Project 3: Molecular Dynamics Short-Range Force Computation — CPU Performance Optimization

0. Getting Started

Project 3 is a Coding Project, so you should accept your homework via GitHub Classroom link first. This repository has starter code template.

For convenience, this year we offer you a unified Online Judge with SSH protocal. You can see below instructions to set up. But you SHOULD ALSO push to GitHub and then submit to Gradescope. We will review your code through Gradescope platform.
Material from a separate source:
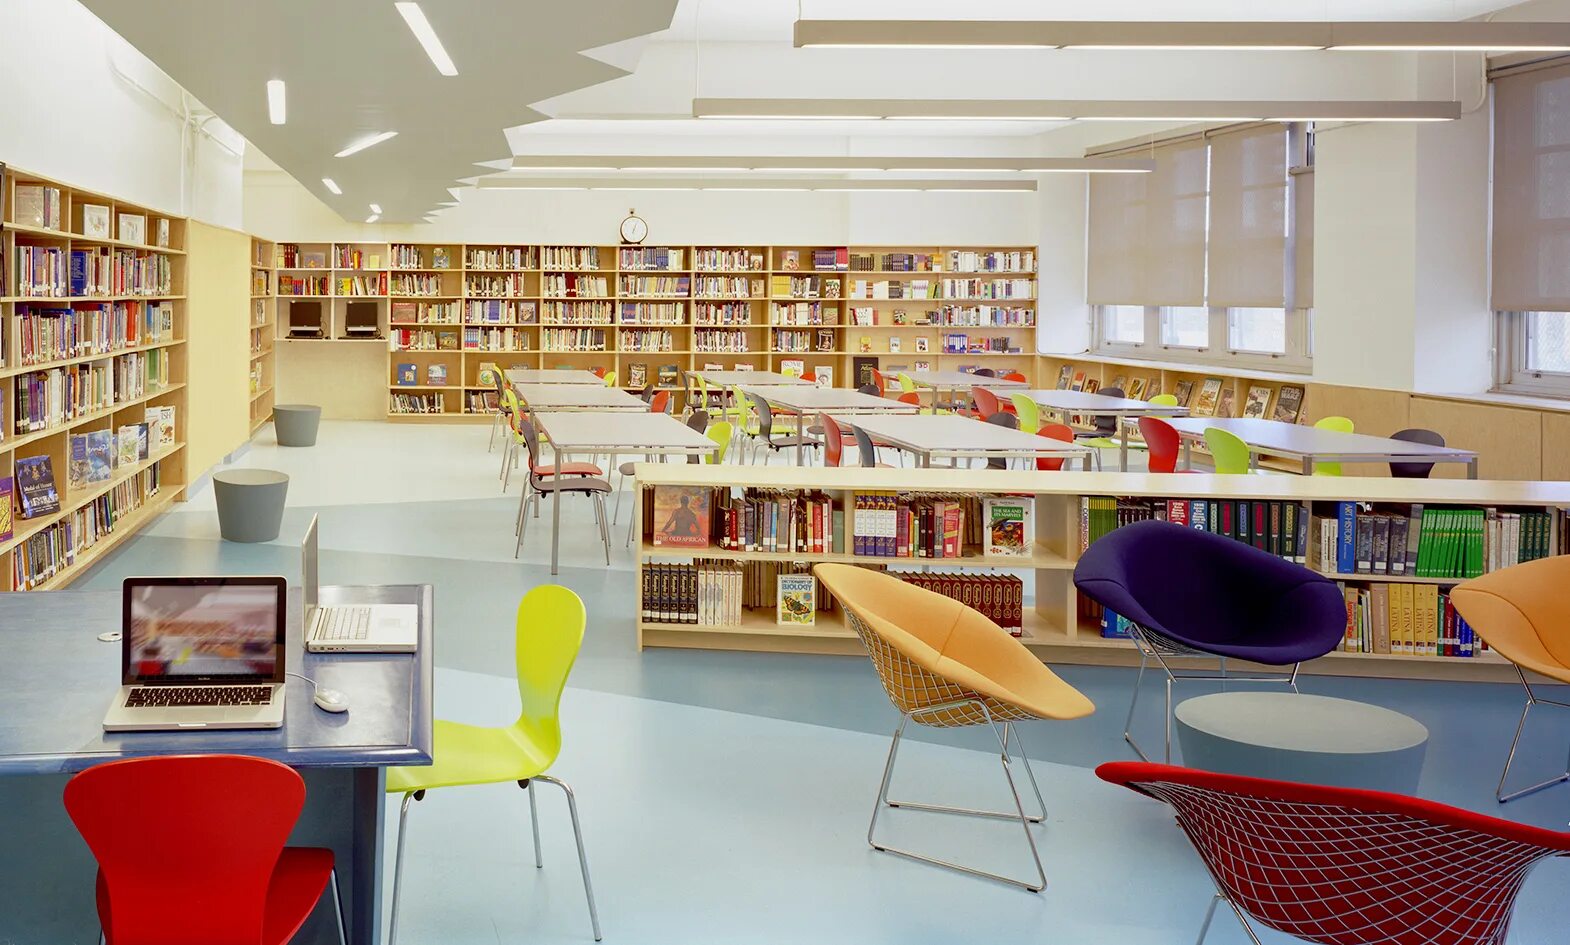 This is our library. Интерьер современной библиотеки. Библиотека в школе. Современная Школьная библиотека. Современная библиотека в школе.
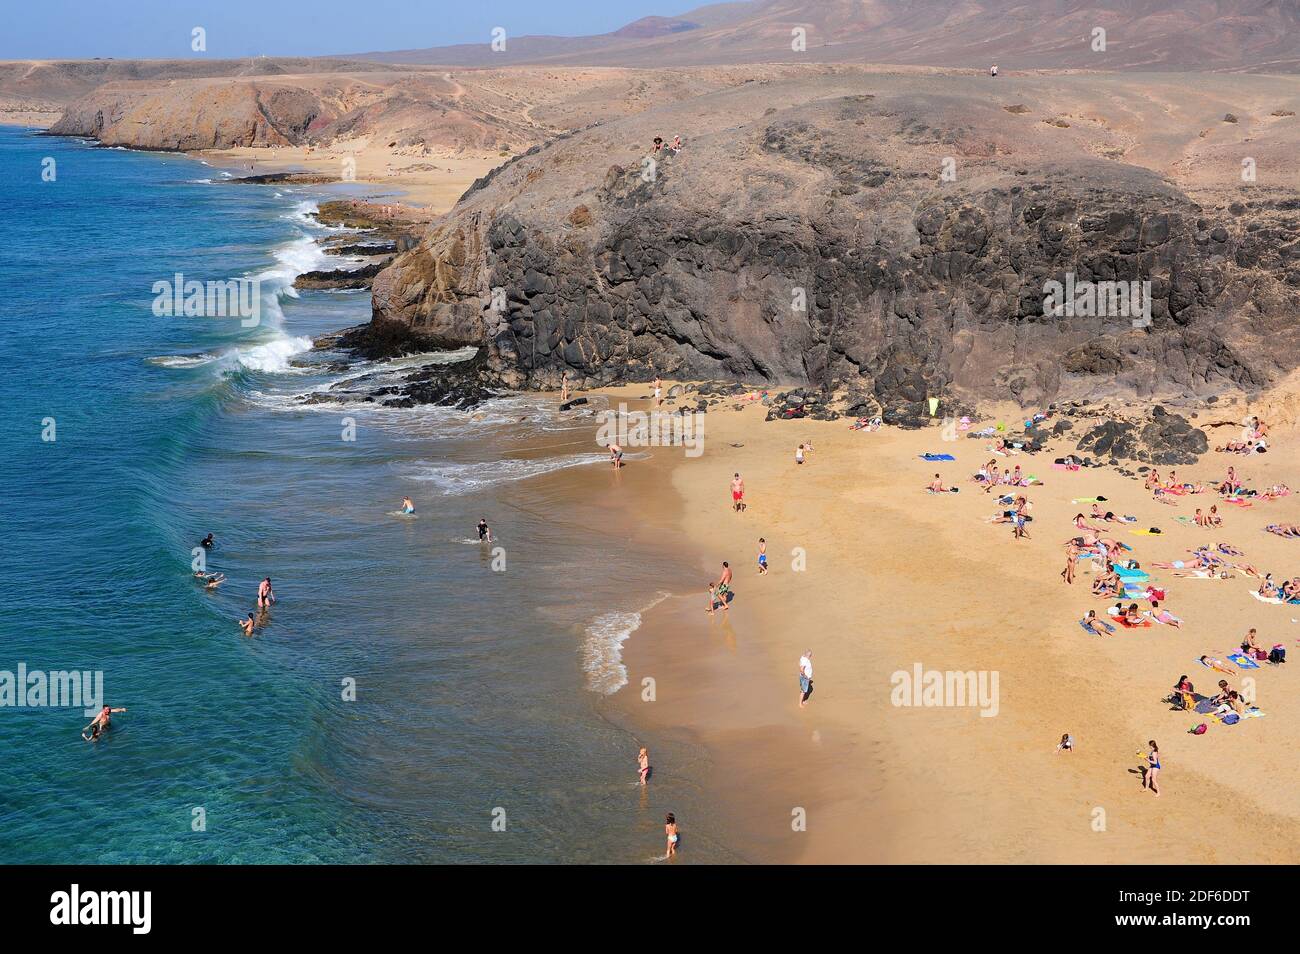 Playas Papagayo, Del Pozo and Mujeres, Los Ajaches. Lanzarote Island, Las Palmas, Canary Islands, Spain. Stock Photo

But we'll use rejudge on SOJ, and use this result as final score.

IMPORTANT NOTICE

In order to improve your AI skills for coding, this year, we canceled Top-30 score, and allows you to use AI for any exploration. But we WILL ALSO check plagiarism. And for those who're at top-30 speed up ratio or if you receieved a request, you should submit your WriteUp to hezb2023<at>shanghaitech.edu.cn and hanlt2025<at>shanghaitech.edu.cn. If you're using AI, please attach your complete AI conversation flow below. We'll check carefully and share some good ideas or writeups after this project for you all to study!

1. Physics Background

1.1 Lennard-Jones Potential

Molecular Dynamics (MD) simulation numerically evolves the trajectories of a large number of particles by solving Newton's equations of motion. It is a core method in computational chemistry, materials science, and biophysics (software packages such as GROMACS, LAMMPS, and NAMD consume billions of CPU core-hours worldwide every day).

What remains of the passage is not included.